- Task to carry out
The expected result is an exact restatement of the data, free of pictures.

(Information provided begins)

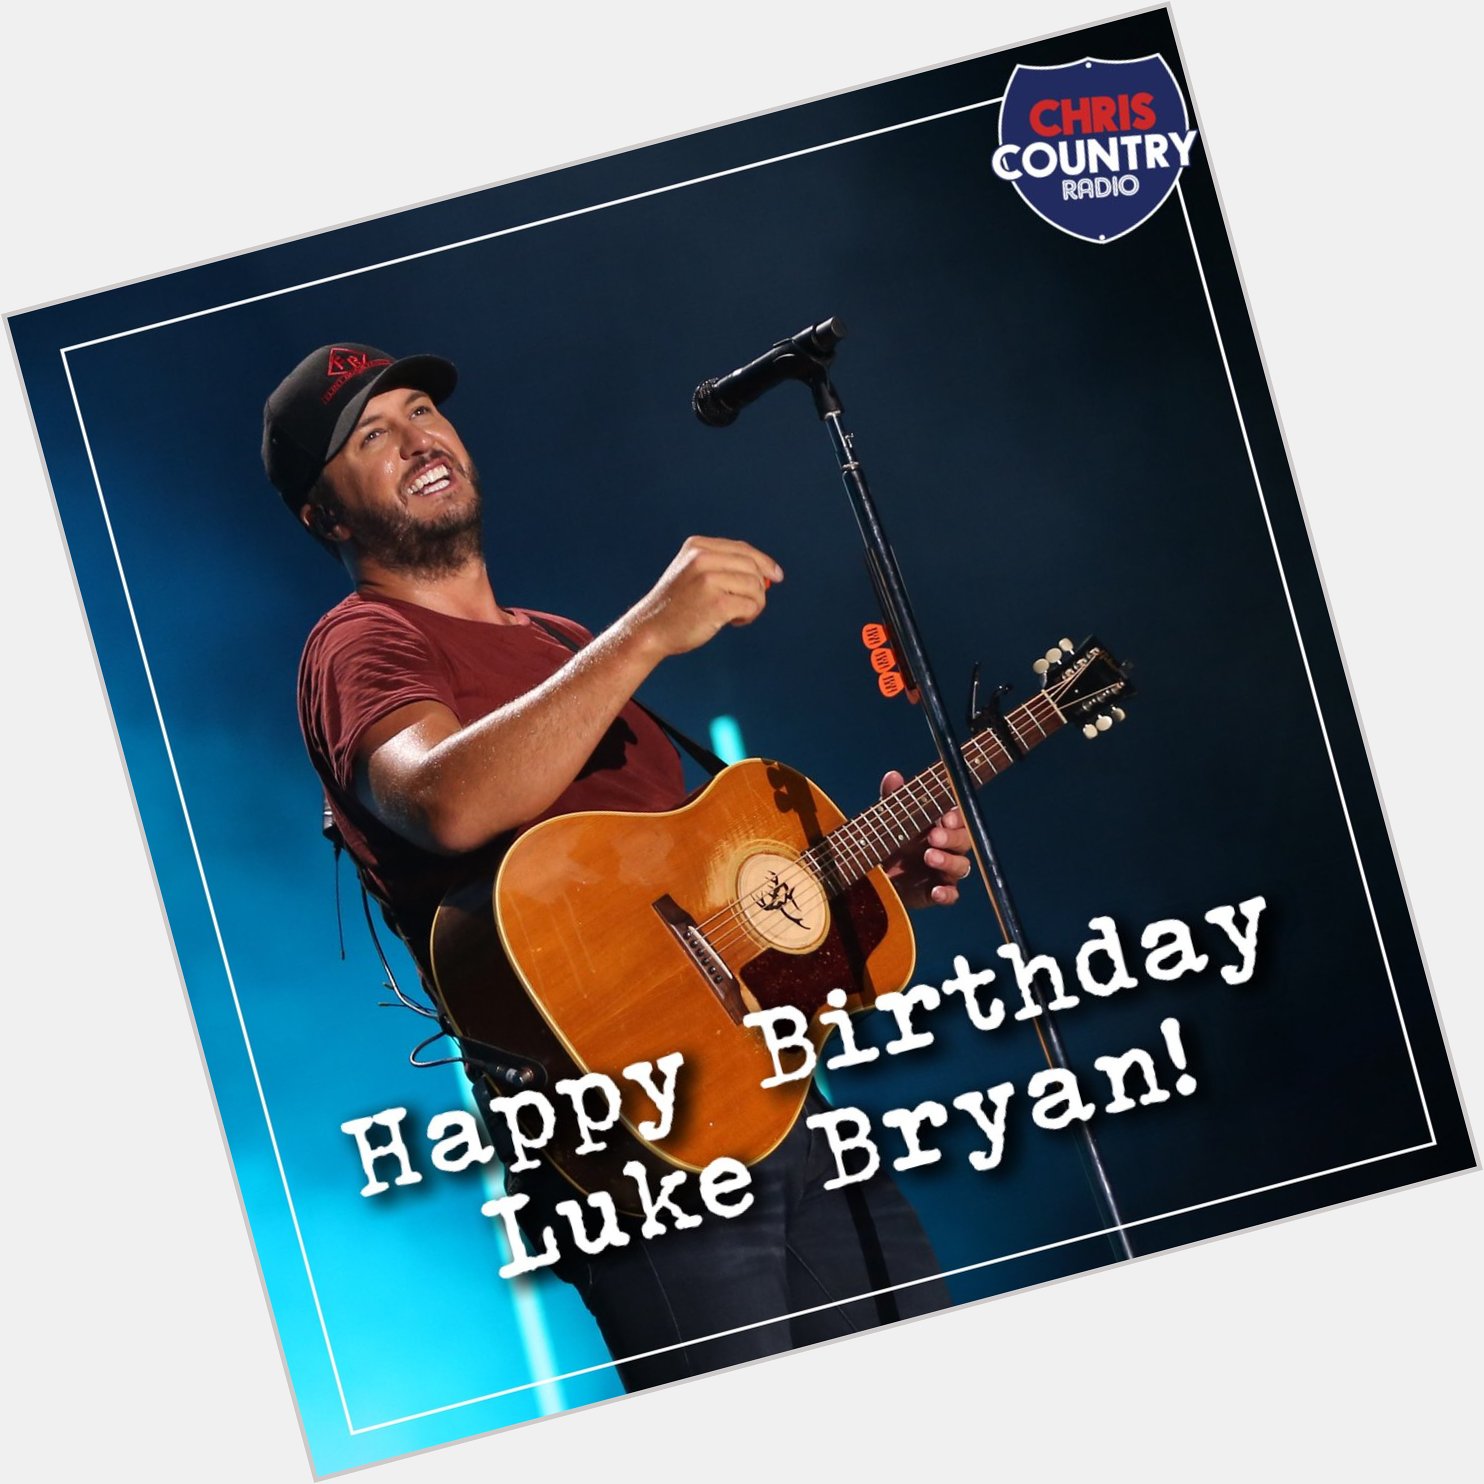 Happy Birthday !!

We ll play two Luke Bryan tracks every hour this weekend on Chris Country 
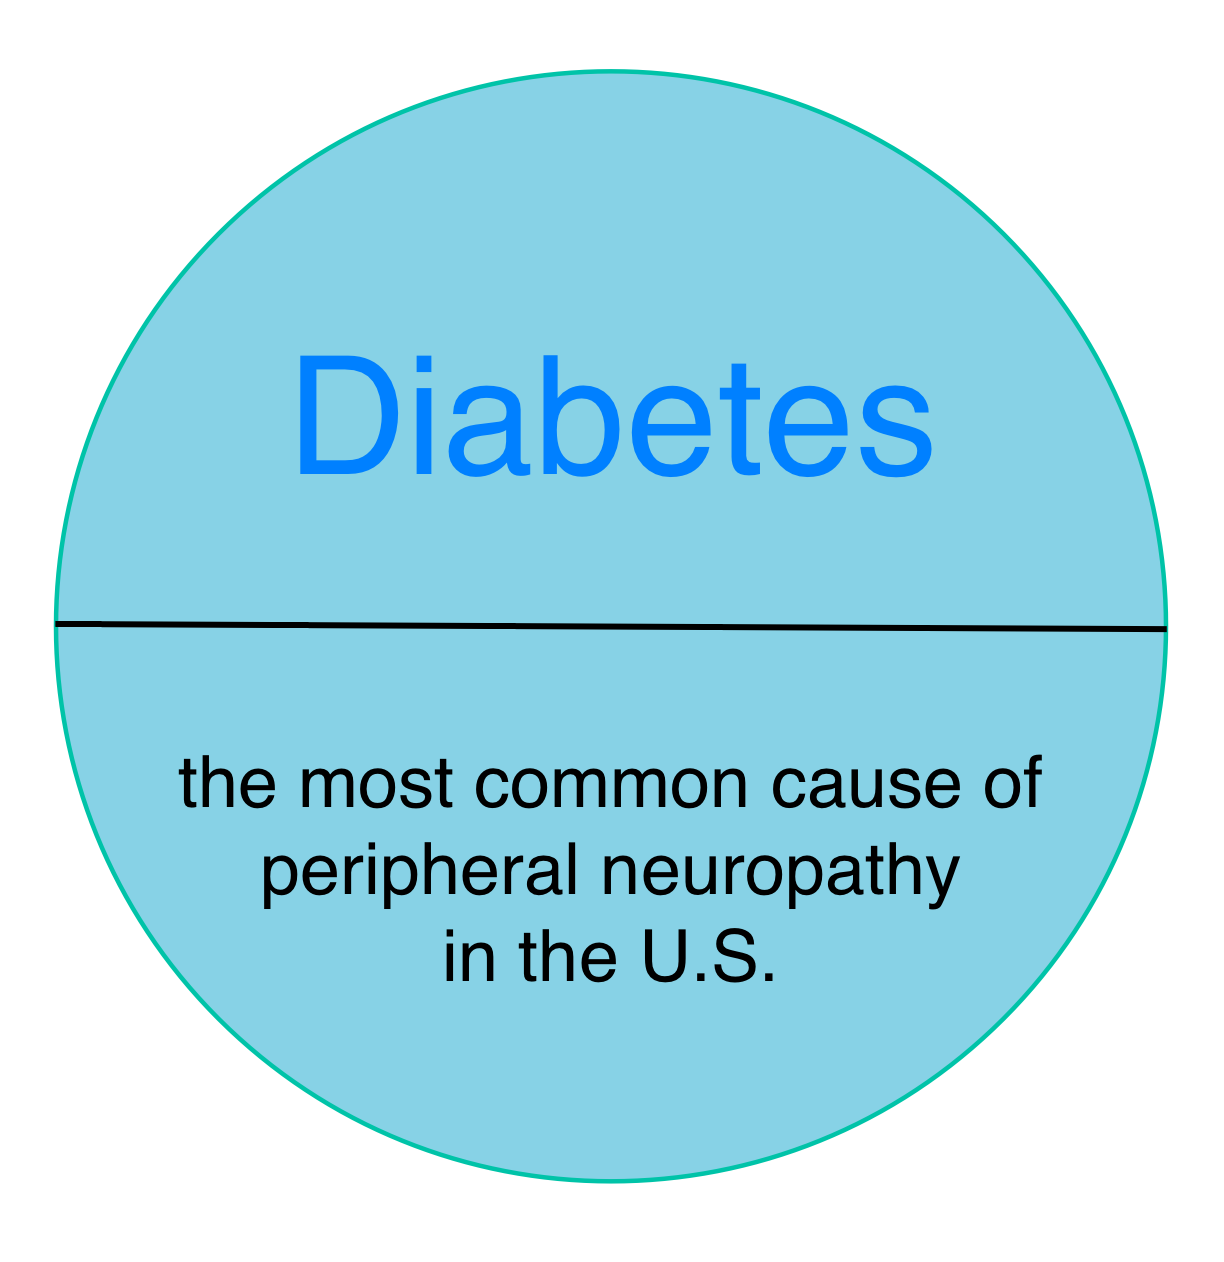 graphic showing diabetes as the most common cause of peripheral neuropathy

(Information provided ends)

- Exercise result
 Happy Birthday !!

We ll play two Luke Bryan tracks every hour this weekend on Chris Country 
 graphic showing diabetes as the most common cause of peripheral neuropathy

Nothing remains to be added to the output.